Having been involved in the business of analysing and selecting funds for more years than I care to remember, I would be a very rich man if I received £1 for every time I was contacted by a representative of an asset management firm telling me about how good the performance of one of their strategies is… or should that be was? Obviously, performance is past tense, it’s what has already happened and as the commonly used disclaimer states ‘past performance is no guarantee of future returns’.
So, how important is past performance and how can we tell if a fund manager is doing a good job?
I’ll come on to the former point shortly, but to answer latter part of the question, the FCA, as part of their Asset Management Market Study, has attempted to address this by highlighting the importance of funds having clear objectives that gave investors a better understanding of what a fund is seeking to achieve.
This should then allow investors to measure whether the manager is doing a good job. The FCA’s deadline for firms to meet their requirements on objectives (as set out in PS 19/4) was a little over a year ago and we would argue that the quality of responses from the asset management industry has been a mixed.

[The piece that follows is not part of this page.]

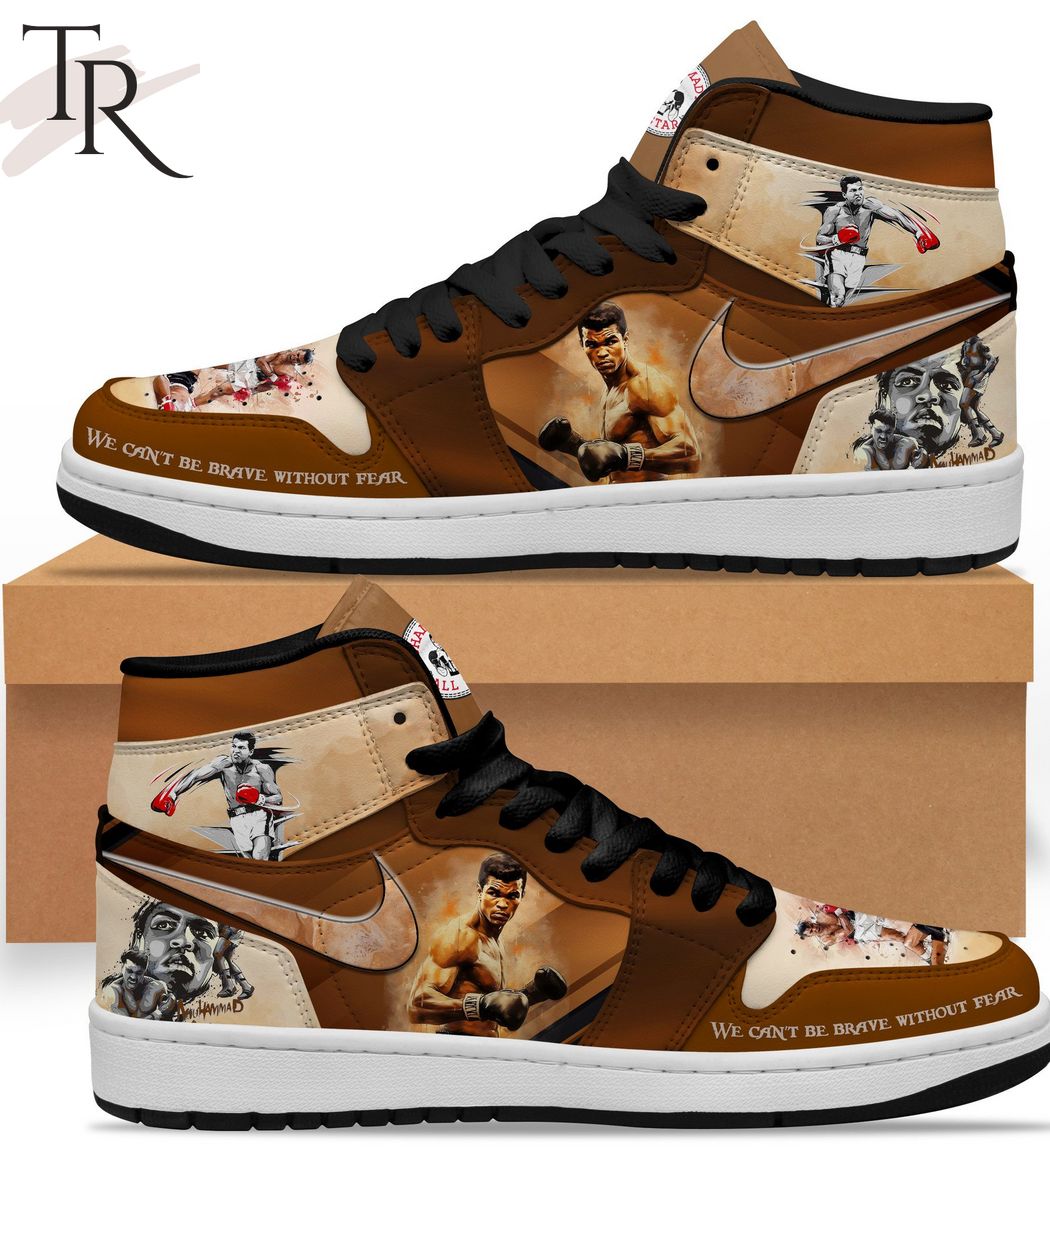 Muhammad Ali We Can't Be Brave Without Fear Air Jordan 1, Hightop

To illustrate, below are two examples of objectives found on the July 2021 factsheets of funds that currently reside in the IA UK All Companies sector:
Fund 1: To grow capital over a five-year period.
Fund 2: To outperform (after deduction of costs) the FTSE All-Share Index by at least 2% per annum over rolling five-year periods.

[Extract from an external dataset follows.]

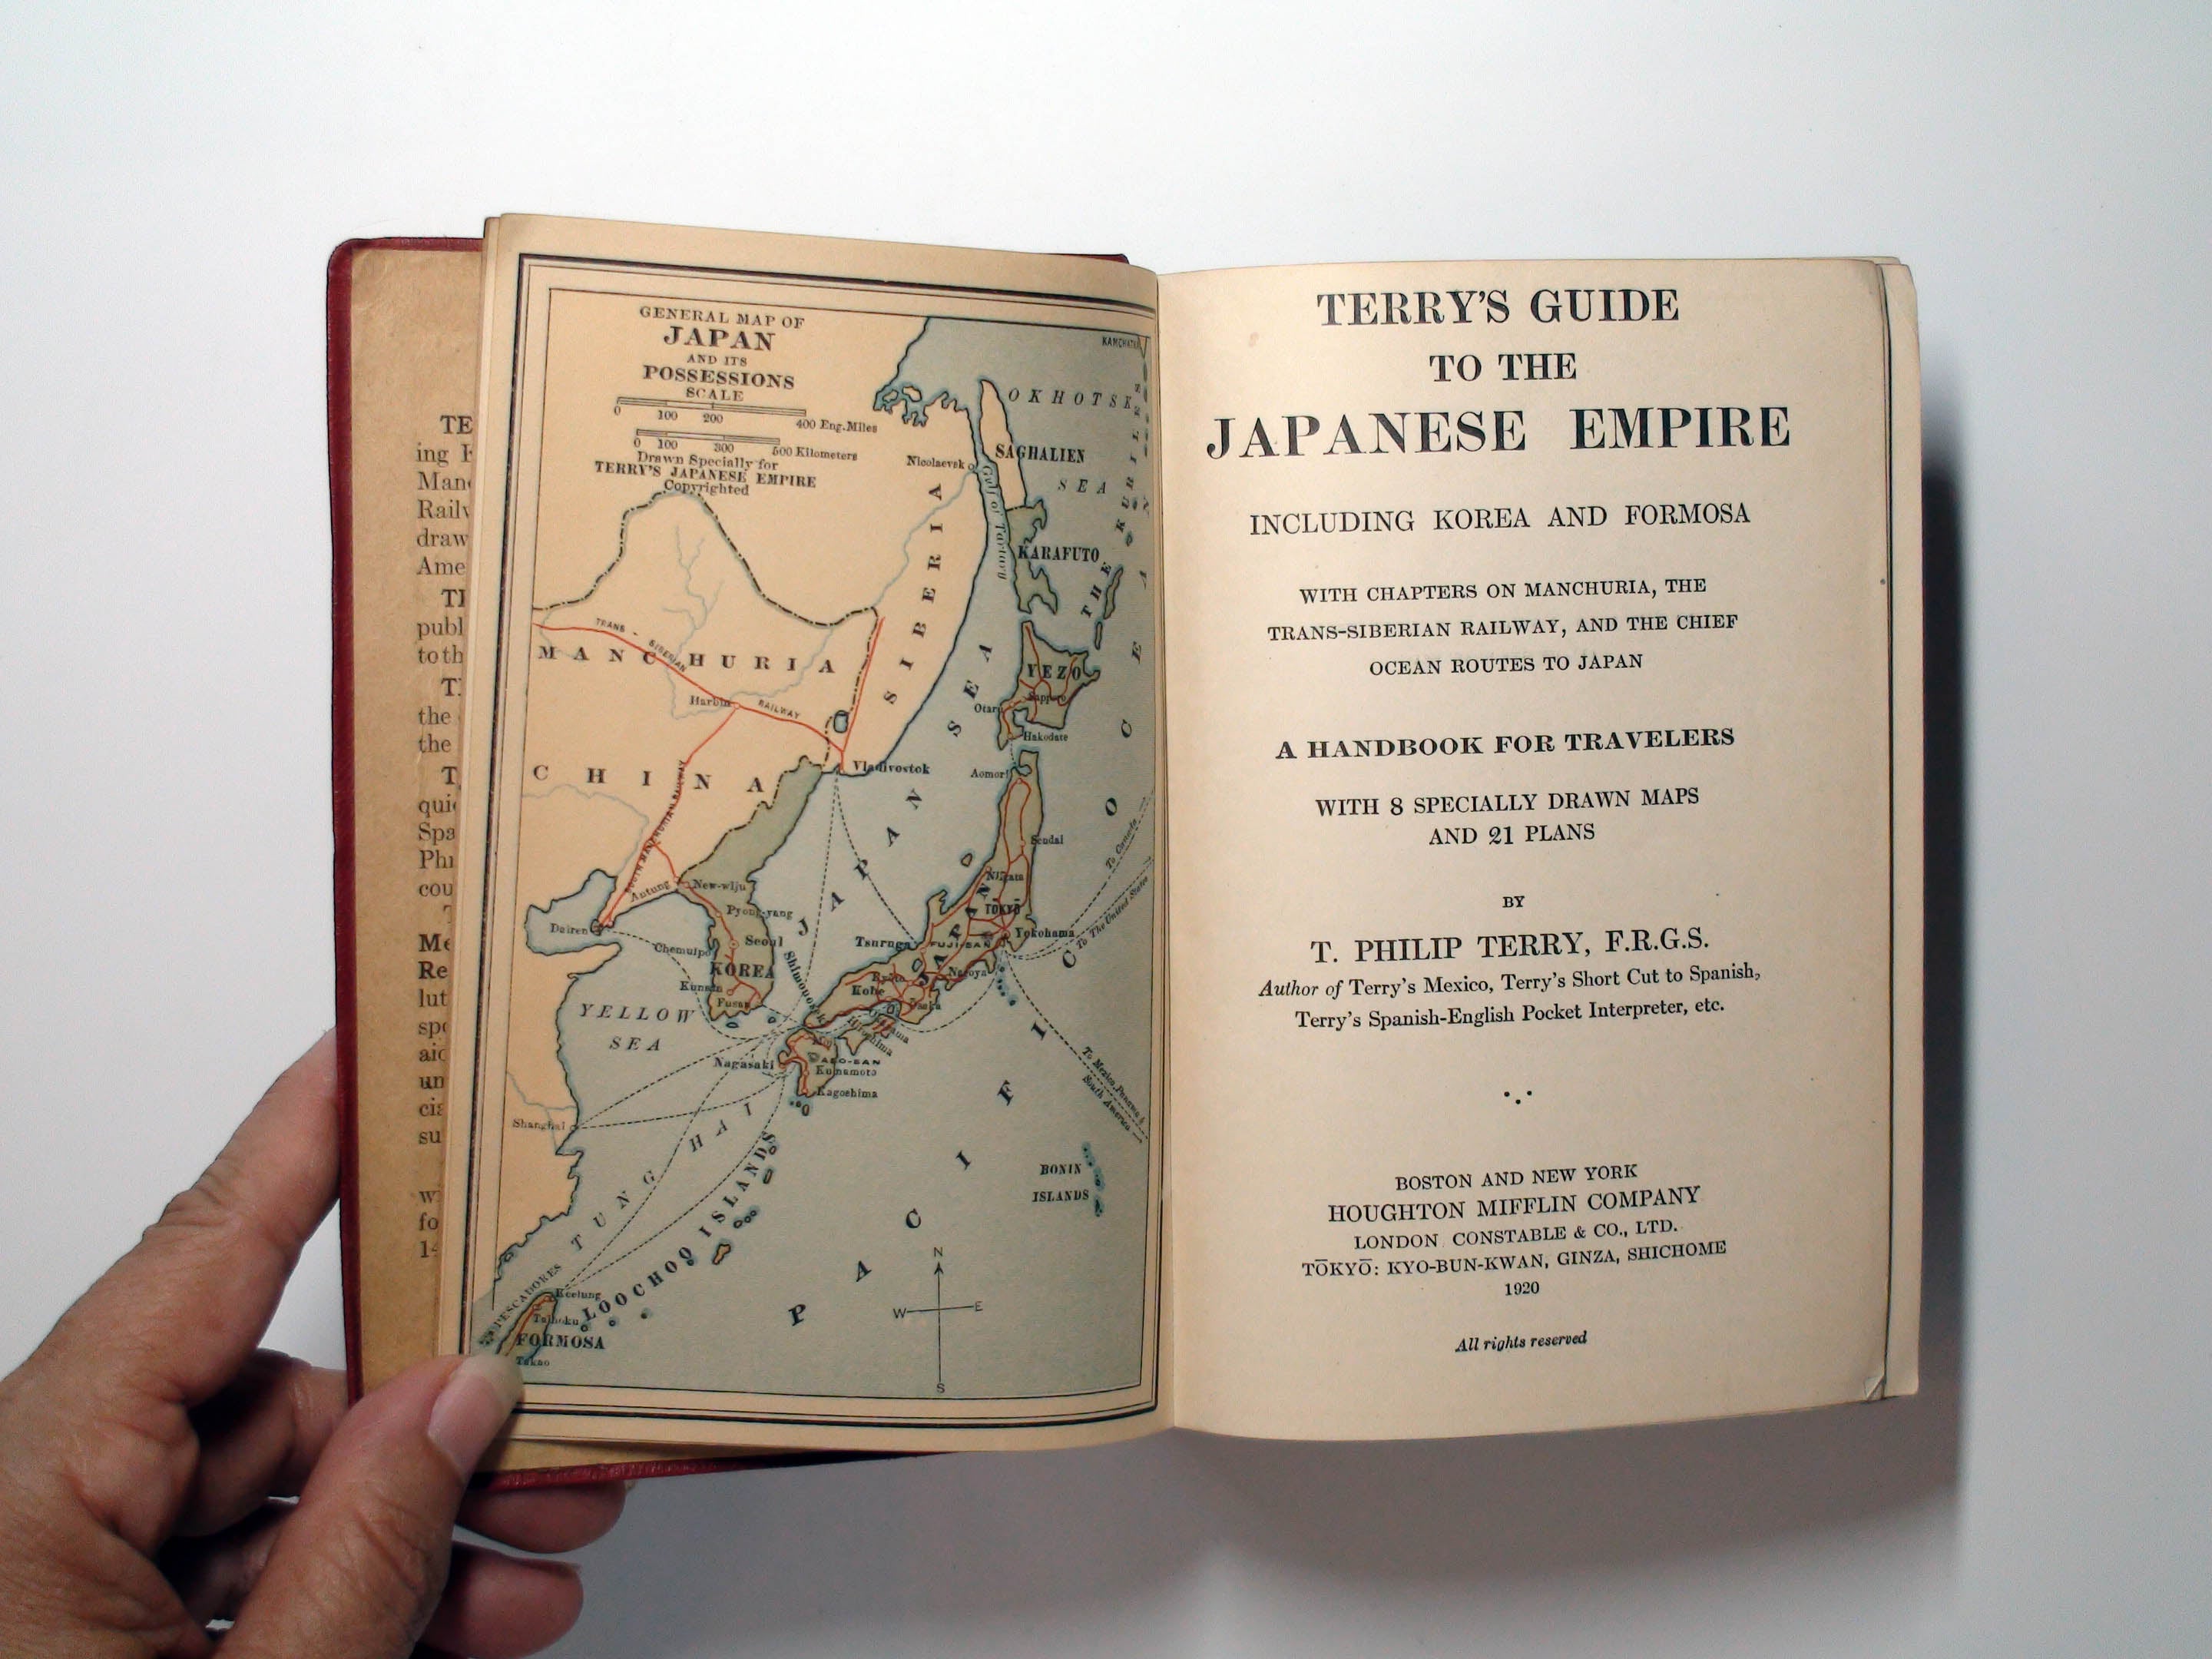 Terry's Guide To The Japanese Empire, Illustrated with Maps, 1920

Both have clearly defined objectives, that I would say are written in simple terms, but how can I tell if the respective fund managers are doing a good enough job for their investors?
A core element of the research process at Square Mile is to ask managers to state what it is they are looking to achieve with their strategies and a question we often ask is what can investors expect by investing in your fund? We need to understand how the fund is managed and what impact any biases within the manager’s approach could have on future returns.

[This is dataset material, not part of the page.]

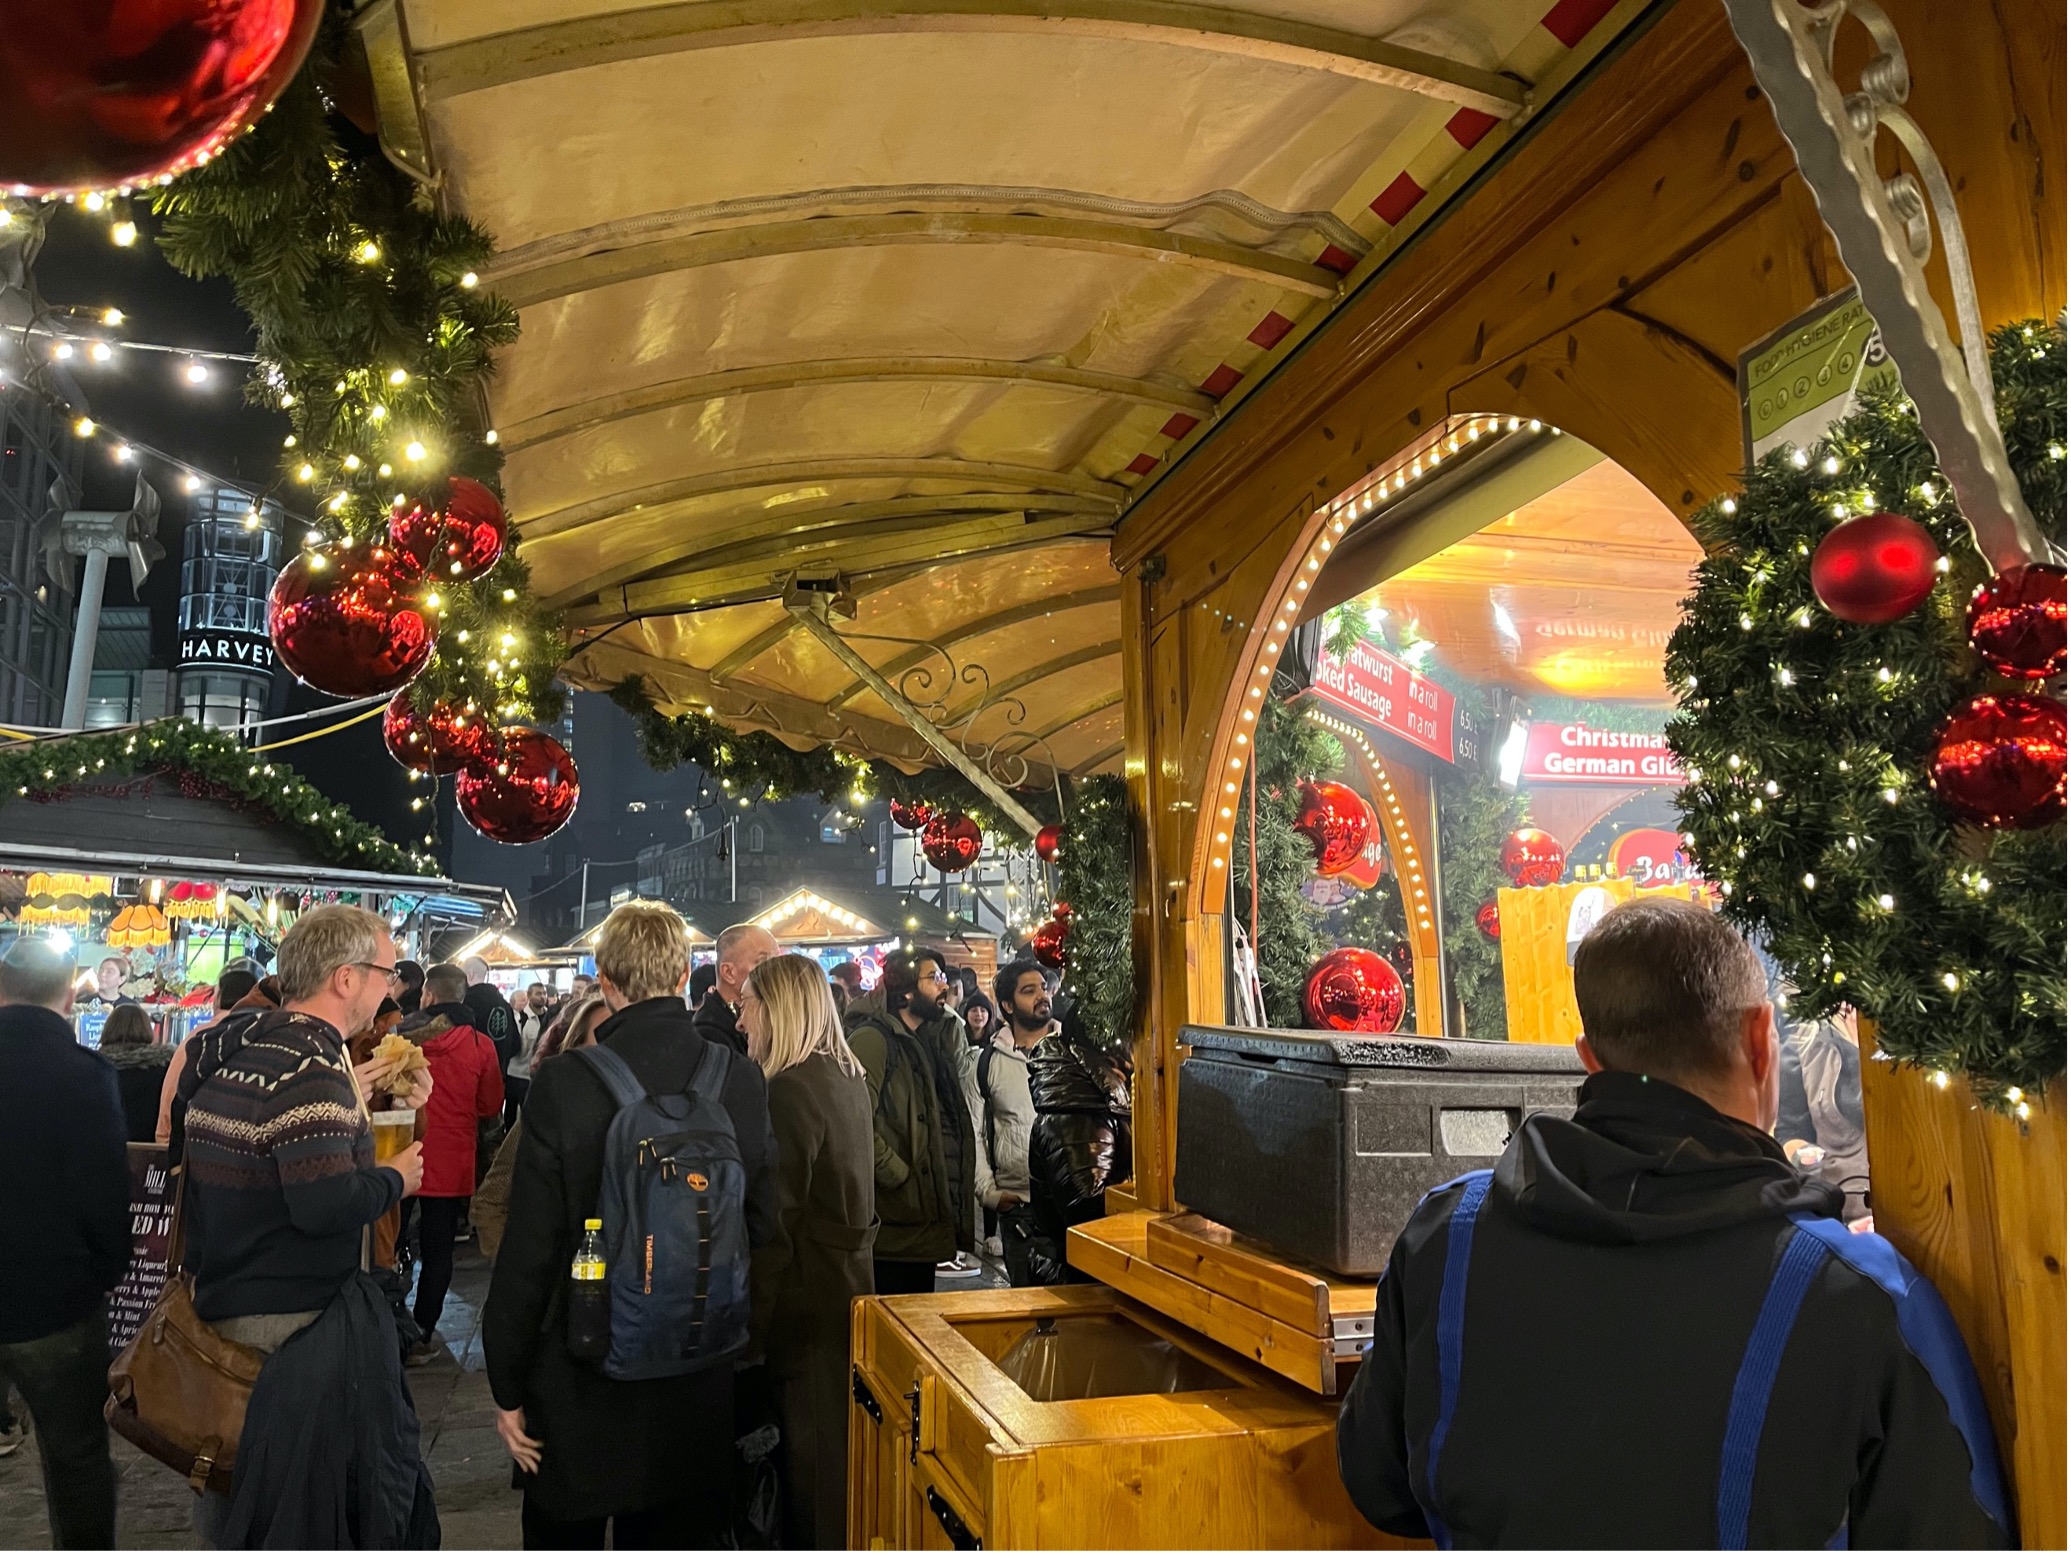 Food and drinks being sold at Manchester Christmas Markets

This does sound rather simplistic but rather than look at a fund versus its peer group (which is a flawed comparison in our view), why not look at the fund versus what it is the manager is actually striving to achieve? Simple, isn’t it?!
Therefore, clearly the second objective provides investors with a far clearer idea of what the manager is seeking to deliver and, from an analytical perspective, a far more meaningful method of performance comparison.
Linking this back to the question of how important is past performance? We would look at how the fund behaved rather than how it performed during certain periods.
That might sound like semantics, but what if the manager has a very conservative investment approach? Is it appropriate to look at the fund’s returns against a market environment that has delivered 20 per cent returns in each of the past five calendar years?
If the fund has only managed 15 per cent per annum over that period, the cumulative return would suggest that the manager is doing a poor job. However, within the context of what he/she is looking to achieve given the market conditions, this result may actually be admirable.
We would also advocate looking at performance in respect to how much risk the manager taking to deliver the fund’s returns and we are increasingly mindful of cost. In the same way as looking at a Sharpe ratio, for example, to analyse risk adjusted returns, we also look at the total cost of investment relative to outperformance. This allows us to determine if the fund, despite a strong track record, is, in our view, offering adequate value for money.
Within the performance section of the Fund Dashboard, Square Mile and FE fundinfo provide the fund’s three-year annualised absolute return as well as calculating its performance success. We believe the second ratio is very useful as it provides a quick and easy measure of how successful the fund has been over the period of its stated performance objective – the higher the number the greater the level of consistency the fund manager has of meeting the fund’s performance objective.